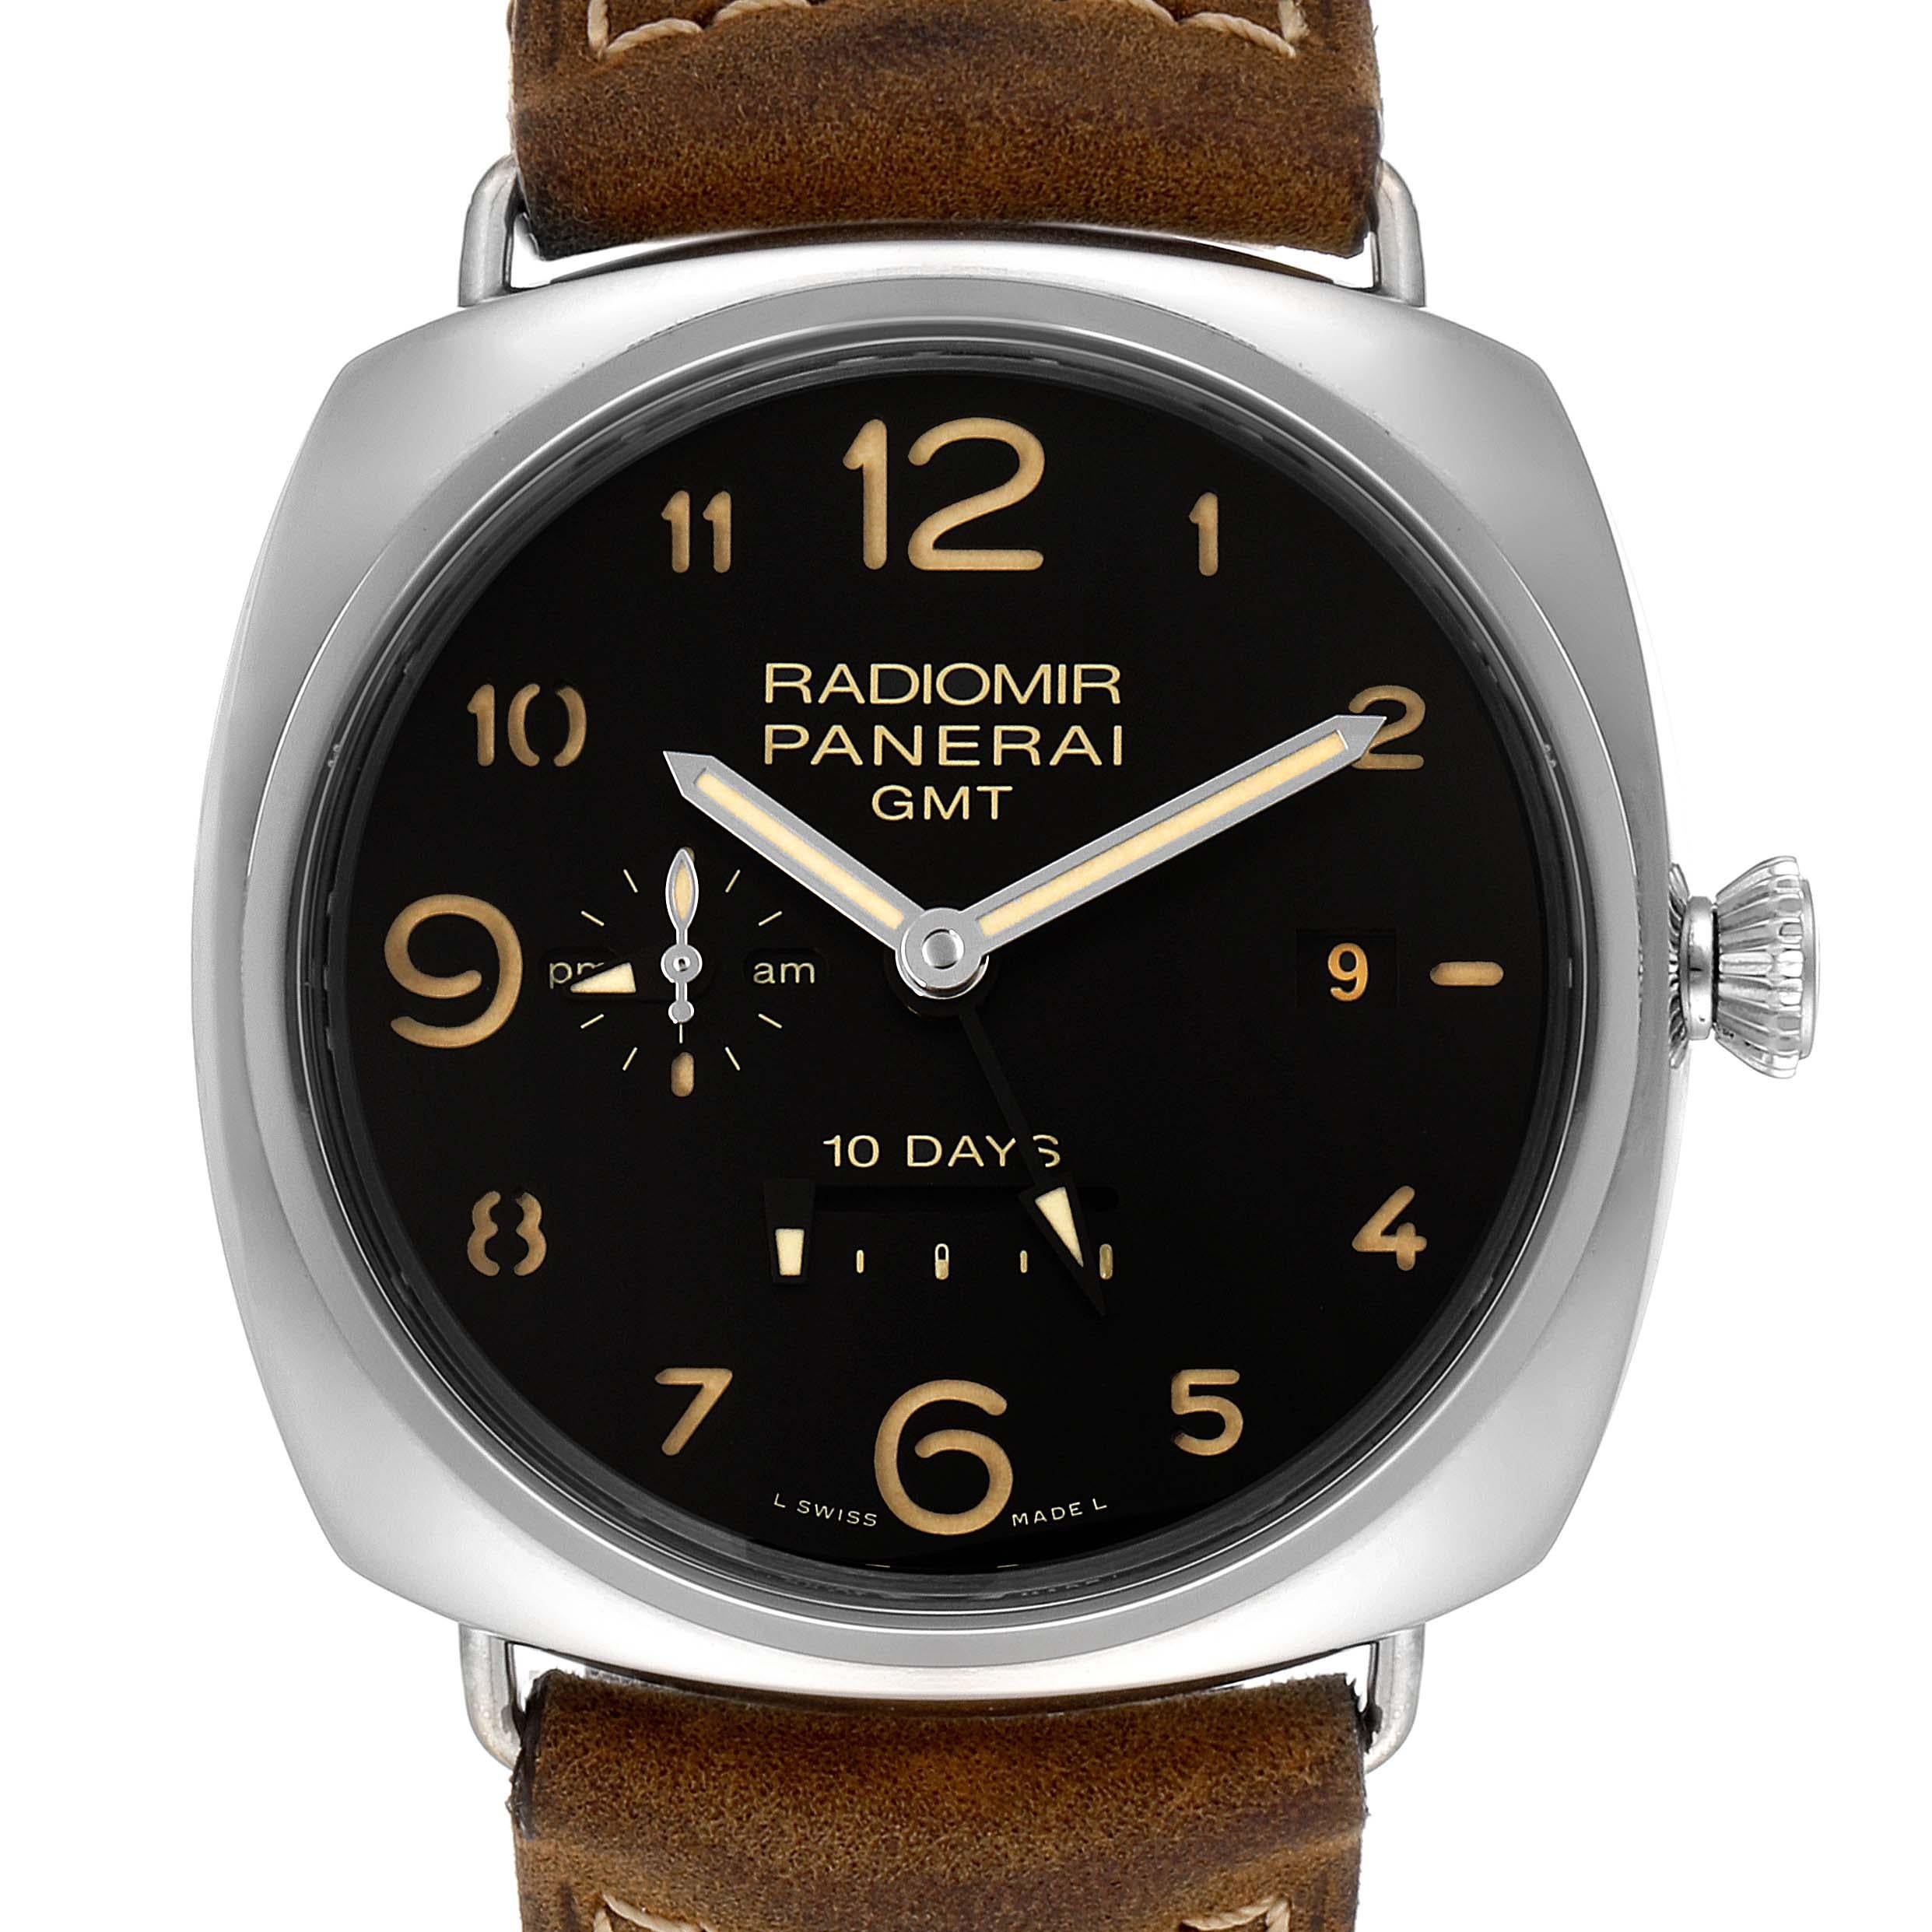 Panerai Radiomir Acciaio 47mm 10 Days GMT Steel Watch PAM00473 Box Papers. Automatic self-winding movement. Two part cushion shaped stainless steel case 47.0 mm in diameter. Polished stainless steel sloped bezel. Scratch resistant sapphire crystal.
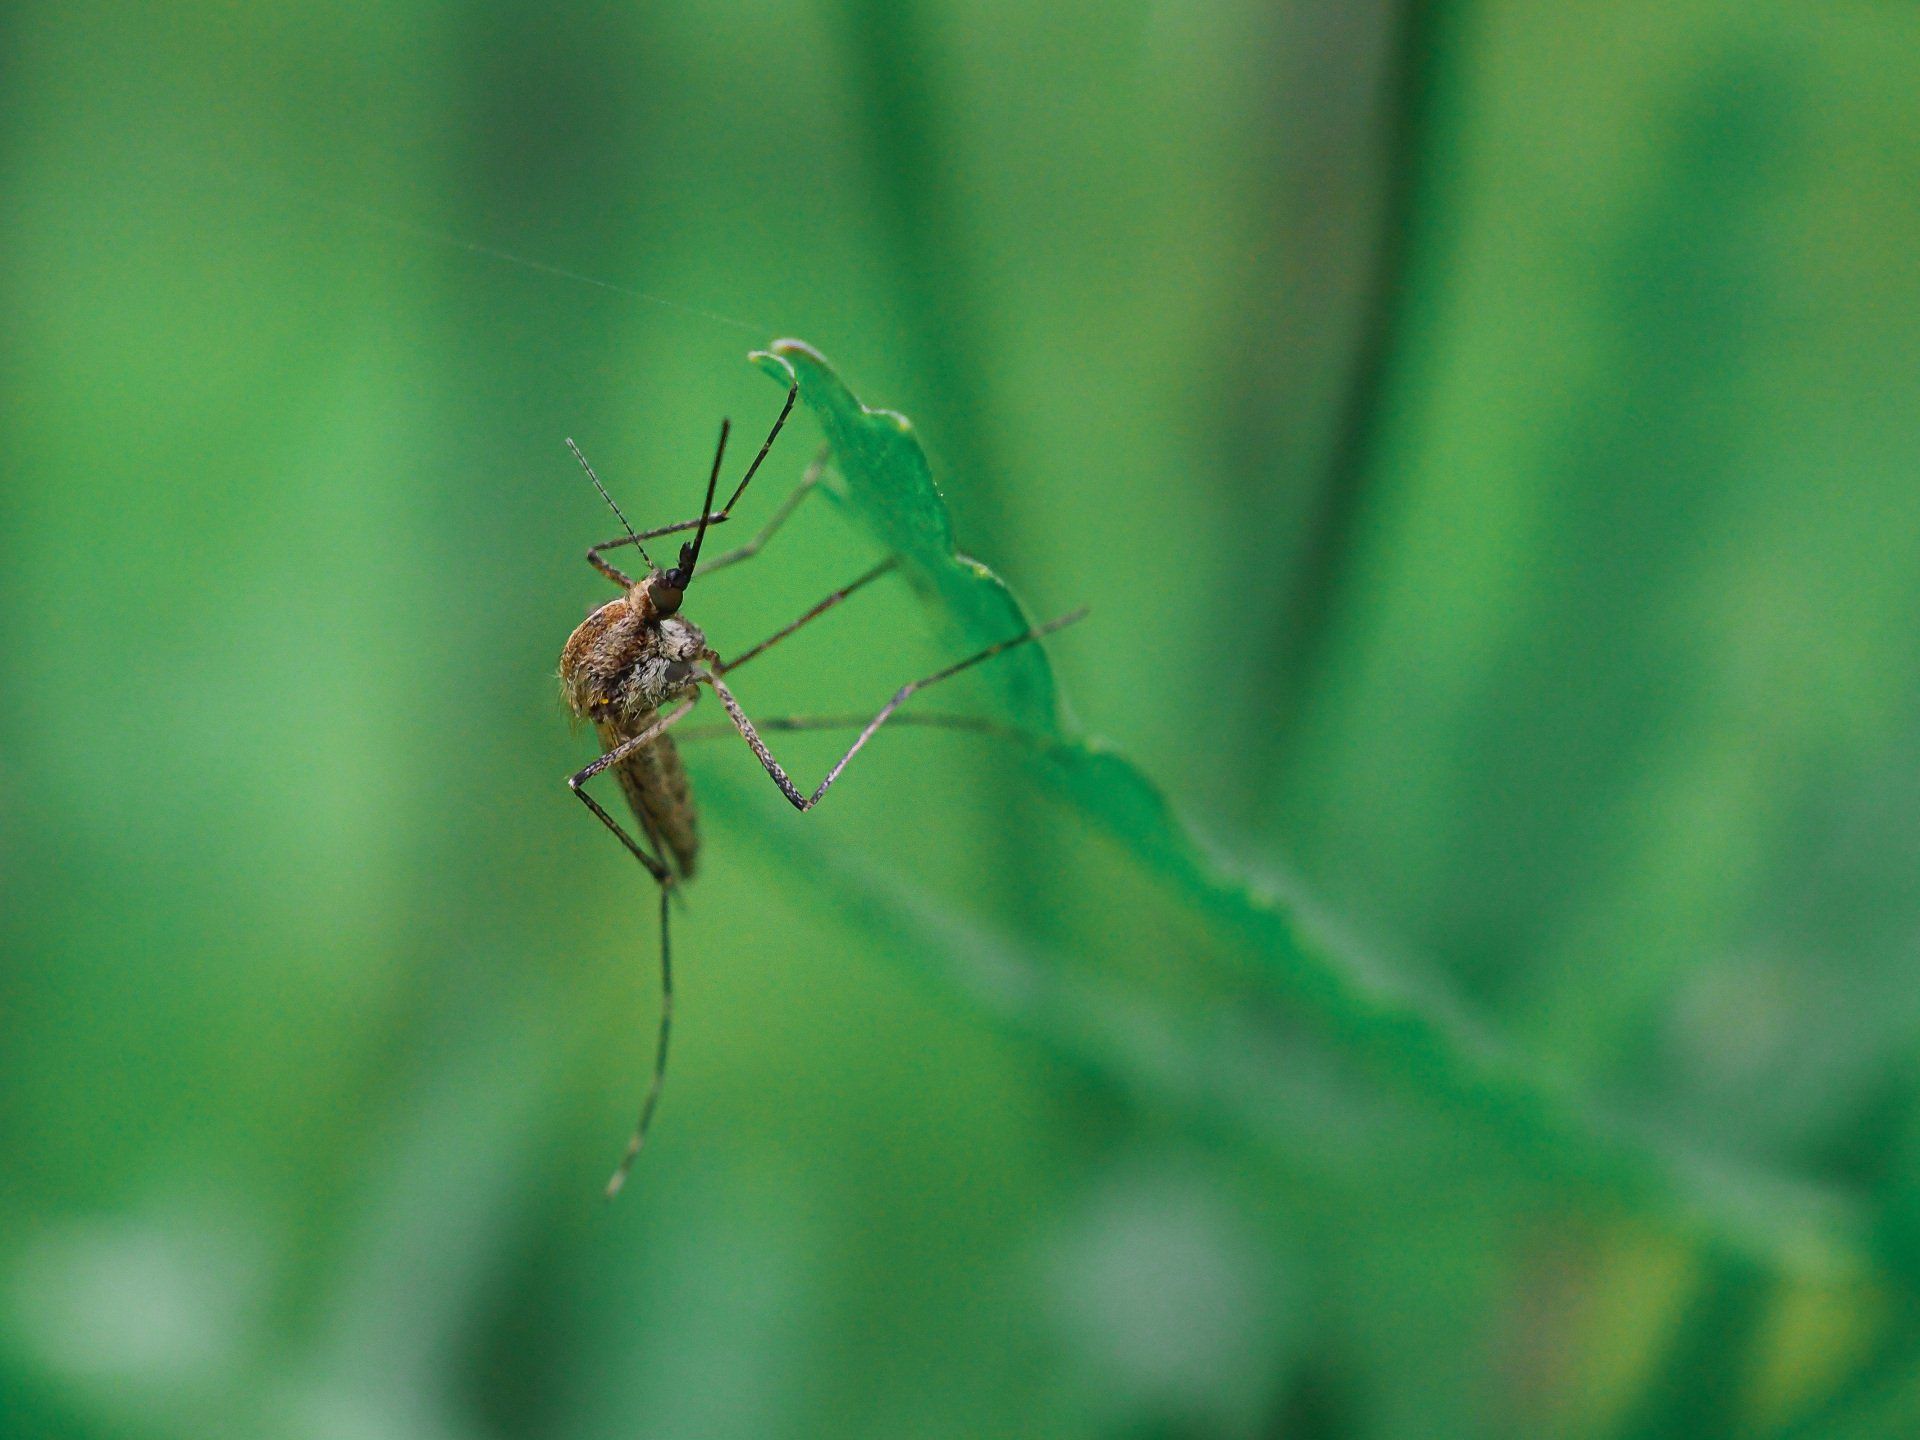 A mosquito is sitting on a green leaf.
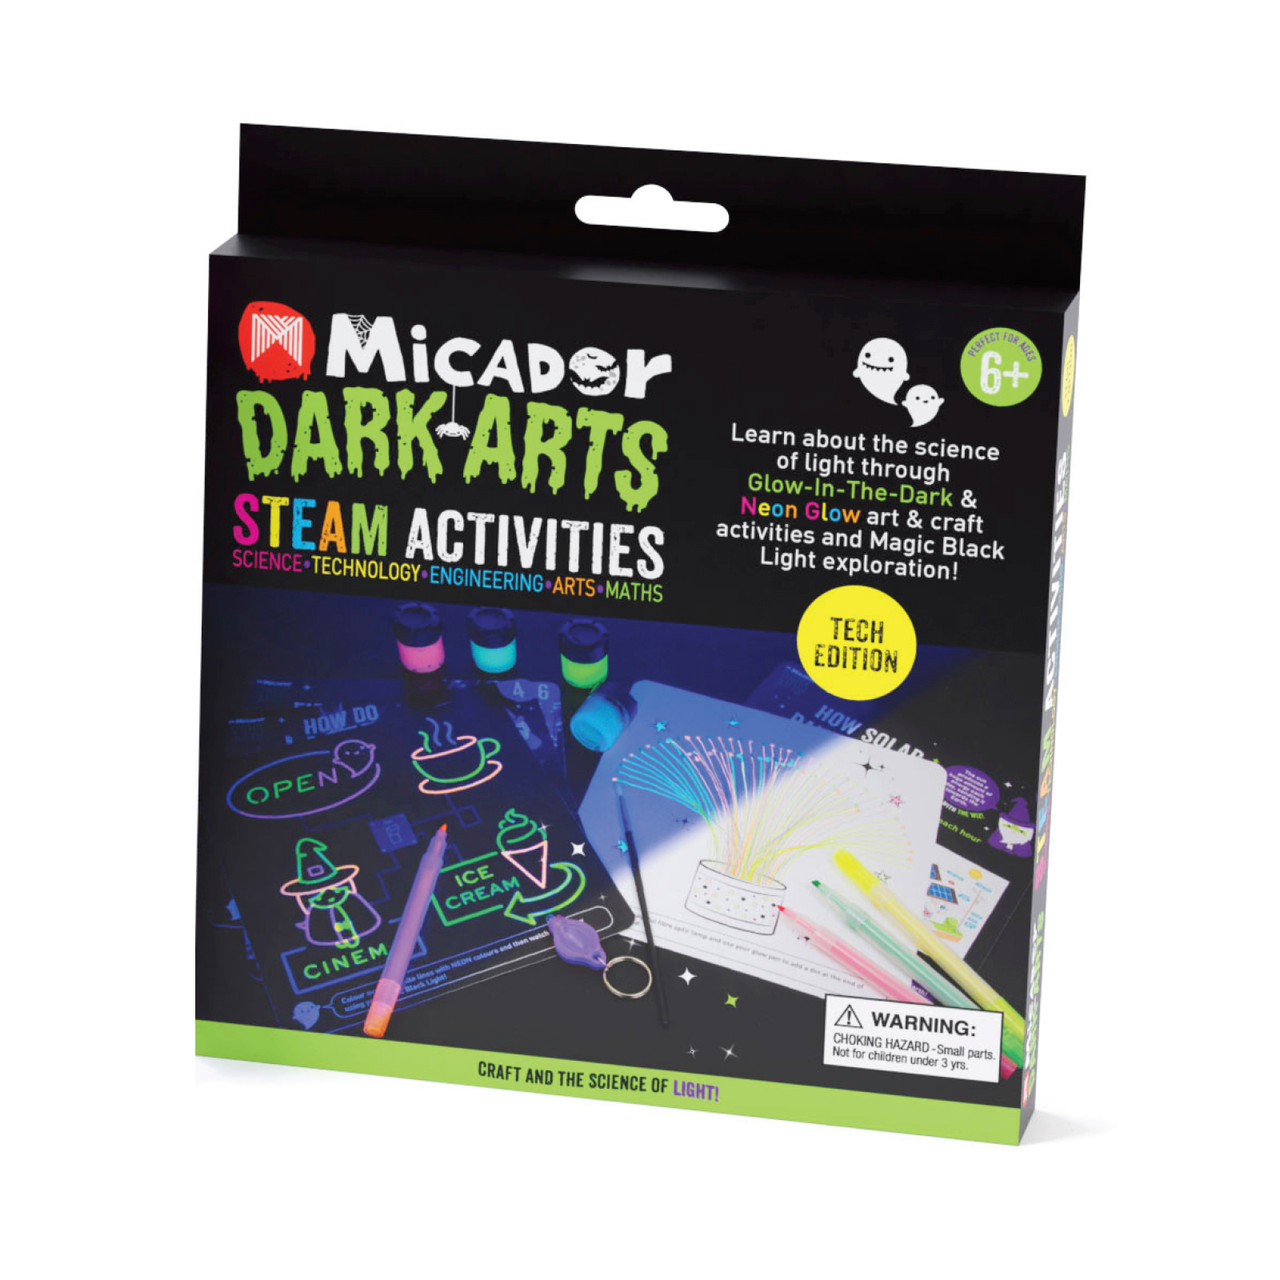 Exercises for Young Children on the Glow Art Kids Drawing Board
....
* [Brief] When you retype the listing above, keep each line exactly as written and drop the pictures.

* [Result for this task]
 Panerai Radiomir Acciaio 47mm 10 Days GMT Steel Watch PAM00473 Box Papers. Automatic self-winding movement. Two part cushion shaped stainless steel case 47.0 mm in diameter. Polished stainless steel sloped bezel. Scratch resistant sapphire crystal.
 A mosquito is sitting on a green leaf.
 Exercises for Young Children on the Glow Art Kids Drawing Board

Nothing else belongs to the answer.